Я включаю свет и начинаю разглядывать абажур.
Он весь в пыли.
Все думаю о Т.
Приплывет он на наживку или?..
И вдруг Н. спрашивает:
— Почему вы думаете только о себе?
— О себе?
— Вы все время думаете о рыбе. Но теперь, господин учитель, вы и рыба — одно и то же.
— Одно и то же?
— Вы же хотите поймать ее — разве не так?
— Да, конечно, но почему я и рыба — одно и то же?
— Вы забыли про палача, господин учитель, про палача, который просит у убийцы прощения. В тот сокровенный час, когда одна вина искупается другой, палач сливается с преступником в одно существо, убийца каким-то образом растворяется в палаче, вы понимаете, господин учитель?
Да, я постепенно начинаю понимать.
Нет, сейчас ничего больше знать не хочу!
Я боюсь?
— Вы уже могли его поймать, но отпустили еще поплавать. Вы даже начинали ему сочувствовать…

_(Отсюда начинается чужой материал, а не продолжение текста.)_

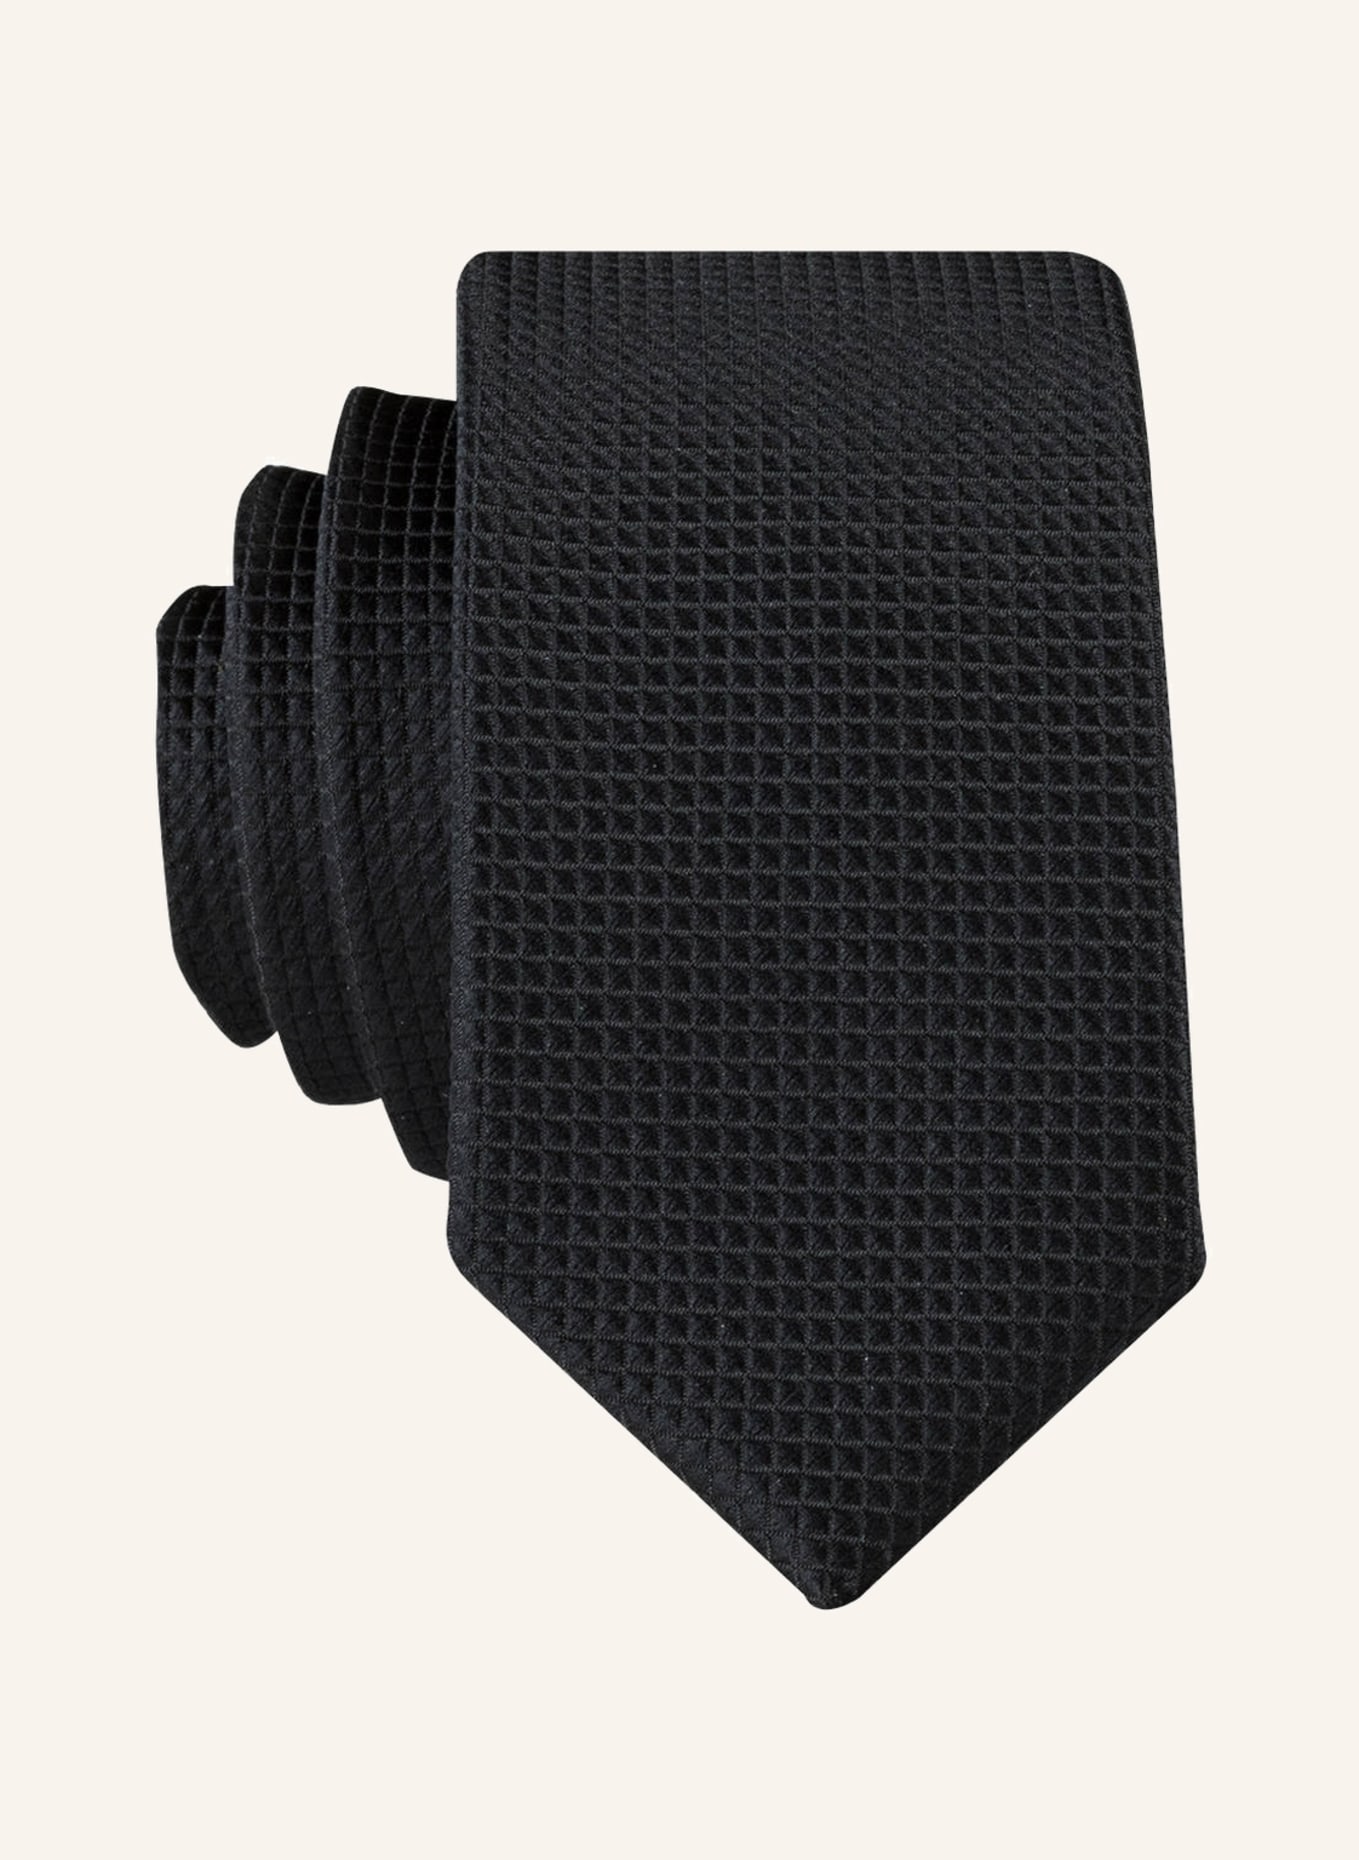 G.O.L. FINEST COLLECTION Krawatte, Farbe: SCHWARZ (Bild 1)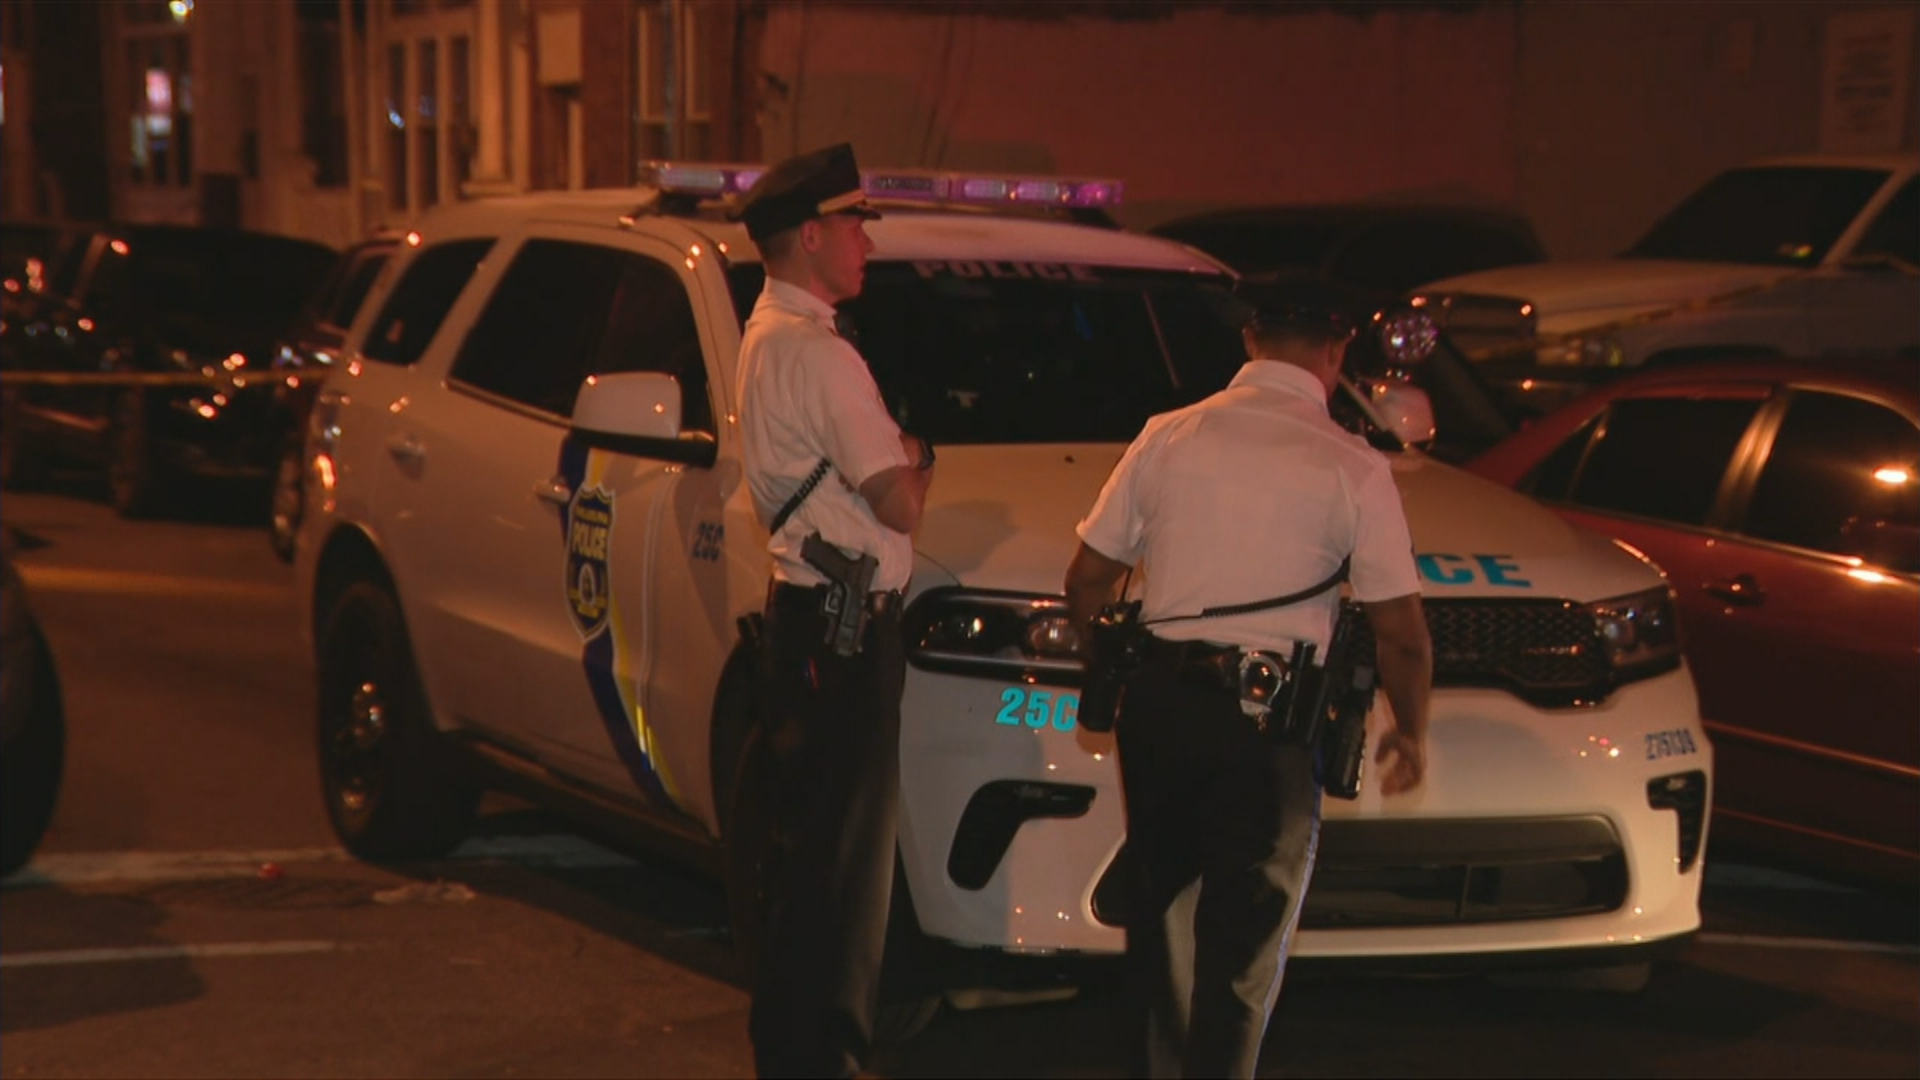 10 Separate Shootings In Philadelphia Leave 2 Dead, 9 Others Injured: Police

— Да, у его матери совсем нет для него времени…
— Но вам надо подумать и о моей матери, и, в первую очередь, обо мне! Если вы ловите рыбу не из-за меня, а ради девочки, ради девочки, о которой вы тоже перестали думать…
Я прислушиваюсь.
Он прав. Я о ней больше не думаю.
Вот уже сколько часов.
Как она на самом деле выглядит-то?
Становится все холоднее.
Да я едва ее знаю…
Ах да, ну, конечно же, однажды я видел ее всю, но то было при свете луны и небо было покрыто облаками. Какие же у нее волосы? Темные или светлые?
Смешно, но я этого не помню.
Мне холодно.
Все уплывает…
А на суде?
Помню только, как она мне тогда кивнула, перед тем как рассказать правду, тогда-то я и почувствовал, что должен о ней позаботиться.
Н. настораживается.
— Она вам кивнула?
— Да.
И я вспоминаю ее глаза.
— Господин учитель, но ведь у нее совсем не такие глаза! У нее маленькие, хитрые, бегающие, вечно все высматривающие, на самом деле у нее вороватые глаза!
— Вороватые глаза?
— Да.
И вдруг он делается удивительно торжественным.
— Глаза, которые на вас смотрели, господин учитель, это были не глаза девочки. Это были другие глаза.
— Другие?
— Да.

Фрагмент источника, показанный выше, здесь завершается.